PMQs verdict: Tories’ u-turn a gift for Corbyn but Cooper’s zinger steals the show

“We want a staircase for all not a ladder for the few”, Jeremy Corbyn said today.

His critique of grammar schools, and the core ideological difference between the Tories and Labour is bang on here – that whilst selection might improve the lot of a very few – and be portrayed as meritocratic – the Tories are not the party to deliver social justice.

Corbyn was correct but the image he used here was so obscure and unclear that the point risks being lost. Unfortunately, this was the story for much of today’s prime minister’s questions, where the Labour leaders attacks were not targeted at the Tory jugular.

He began on the government’s humiliating Budget u-turn after Philip Hammond announced plans to scrap the national insurance rise laid out last week.
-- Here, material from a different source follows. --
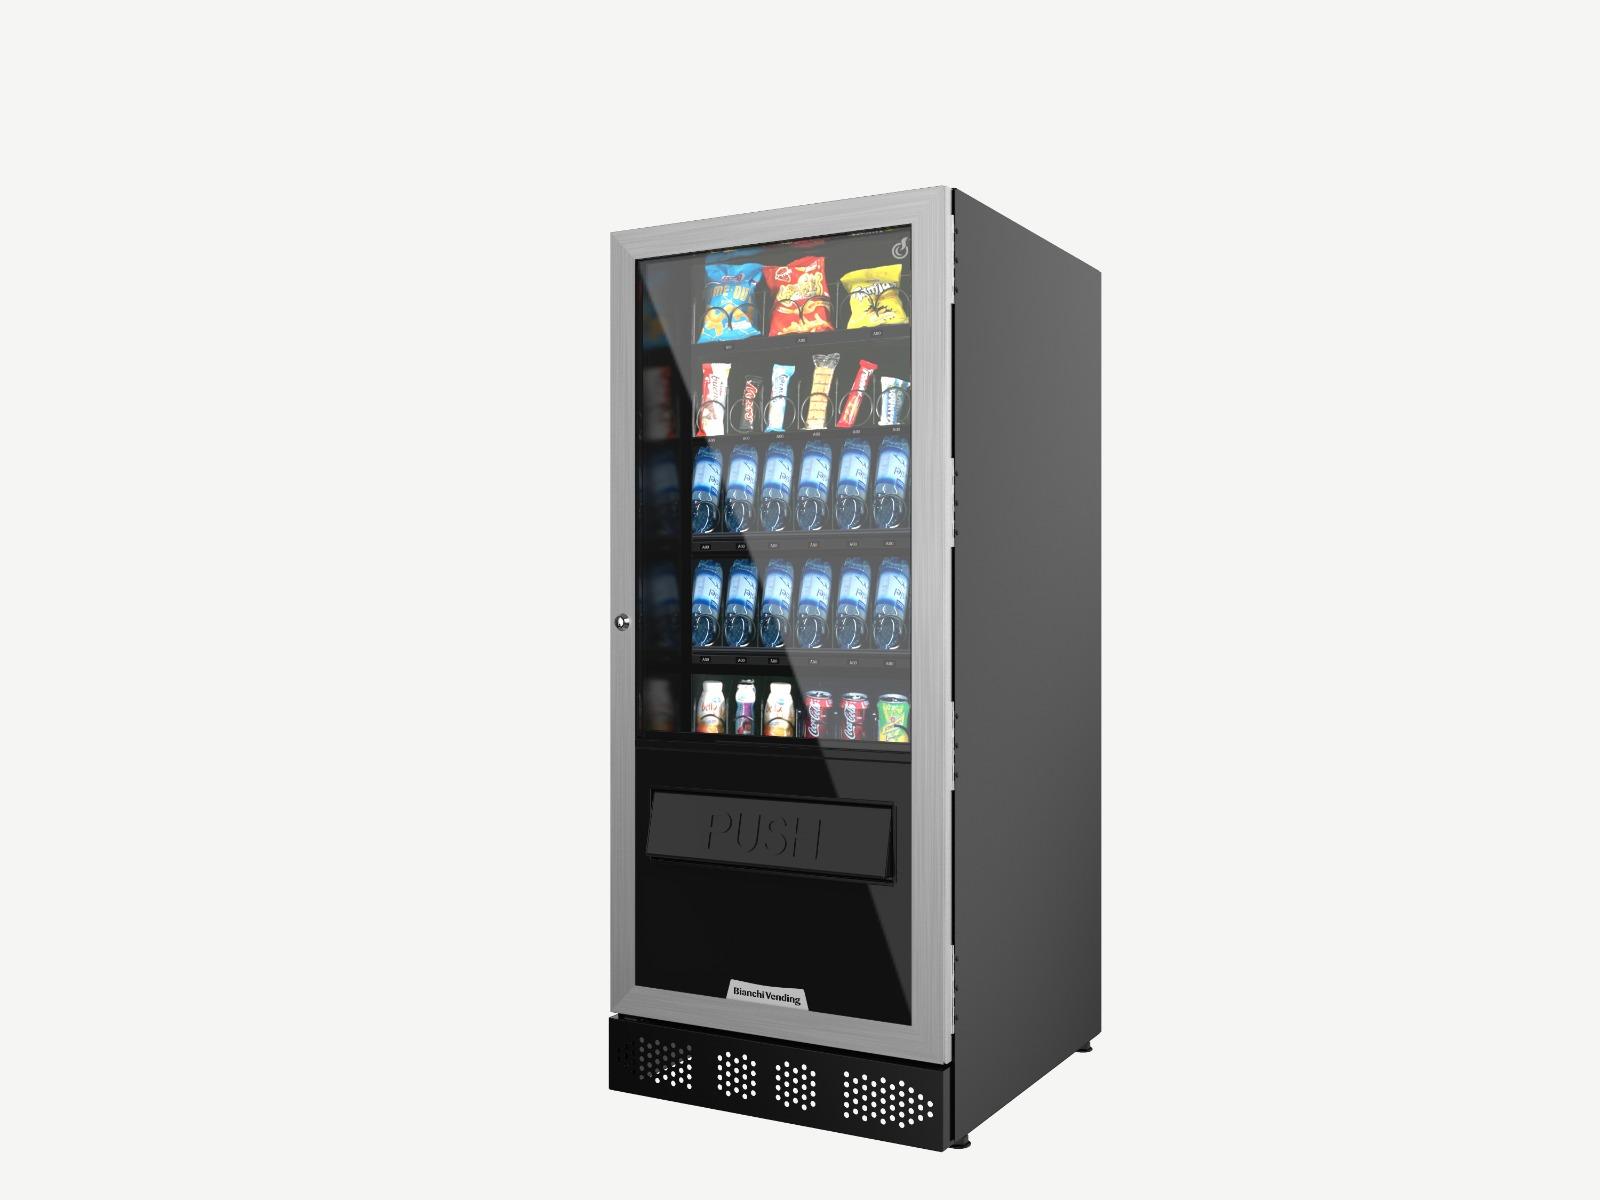 AL8CMA03BV | Снековый автомат Bianchi Aria L EVO 6-44 MA Alfa | Coffee Shop

“It seems to me like a government in a bit of chaos here… [with] a budget that unravels in seven days,” the Labour leader.

It was a strong start and is, of course, where we need to hit the government. To backtrack on one of the few big pledges in the Budget just a week after it was announced is more than just embarrassing for Theresa May – it’s downright chaotic.

Corbyn called on May to apologise for the stress they caused to the many millions of self-employed people – and he was right to do so. To tell so many workers and their families they would have to pay more tax, despite the policy directly breaking the Tory manifesto, was shameful.

The difficulty for Corbyn was, however, that he did not focus on one particular issue. This wandering approach allowed May to duck and dive without being caught out. We know she likes to evade questions, and indeed her approach to questions from Labour backbenchers proves she cannot give a straight answer, but this needs to be highlighted much more succinctly if she is to be skewered for it.

Corbyn moved to school funding, which is fertile ground for Labour, given how the Tories seem much more concerned by increasing grammar school places than directing funds where they are needed most.

“It would be a very good idea if the prime minister listened to head teachers all over the country desperately trying to work out how to balance the books in their schools, losing teachers, losing teaching assistants, losing support for their children because the schools’ budgets are being cut. She knows that, we all know that, everybody out there knows that,” he said.

He’s right, yet May’s stock responses on the supposed diversity of funding for various school types, and how the Tories are the only ones to be trusted on the economy, were able to remain broadly unchallenged because he did not quite have the laser-like precision needed to eviscerate the Tories.

Questions from the Labour MPs further back were, however, particularly punchy today.

Yvette Cooper brought a zinger on the shocking Budget climbdown, asking May: “The PM’s just done a £2bn budget u-turn in the space of a week; last year the government did a £4bn U-turn in the space of five days. Is that why they want to abolish spring Budgets? Because they just keep ripping them up?” Cooper looked very pleased as she sat down, as well she might, frankly she could have followed it with a mic drop. May could only flounder in response.

Stephen Doughty was also forceful in his questioning of May, accusing her relentless pursuit of hard Brexit as tearing the Union apart, saying: “It is our two single markets that are the backbone of our economy, and yet the PM wants to rip us away from one and they want to rip us away from the other. Is it really a price worth paying – the risky and reckless approach she is taking to Brexit – to foster the break-up of Britain?”

Moreover, these two questions from Doughty and Cooper point to the central tenets of what the Conservative and Unionist party are meant to be for – a strong economic hand and a robust defence of the nation state. It would seem they cannot do either.

This was a PMQs with an open goal available to the Labour leader on the national insurance u-turn. Corbyn identified the right issues but he was not precise enough to land the final blow needed to finish a government which was on the ropes today.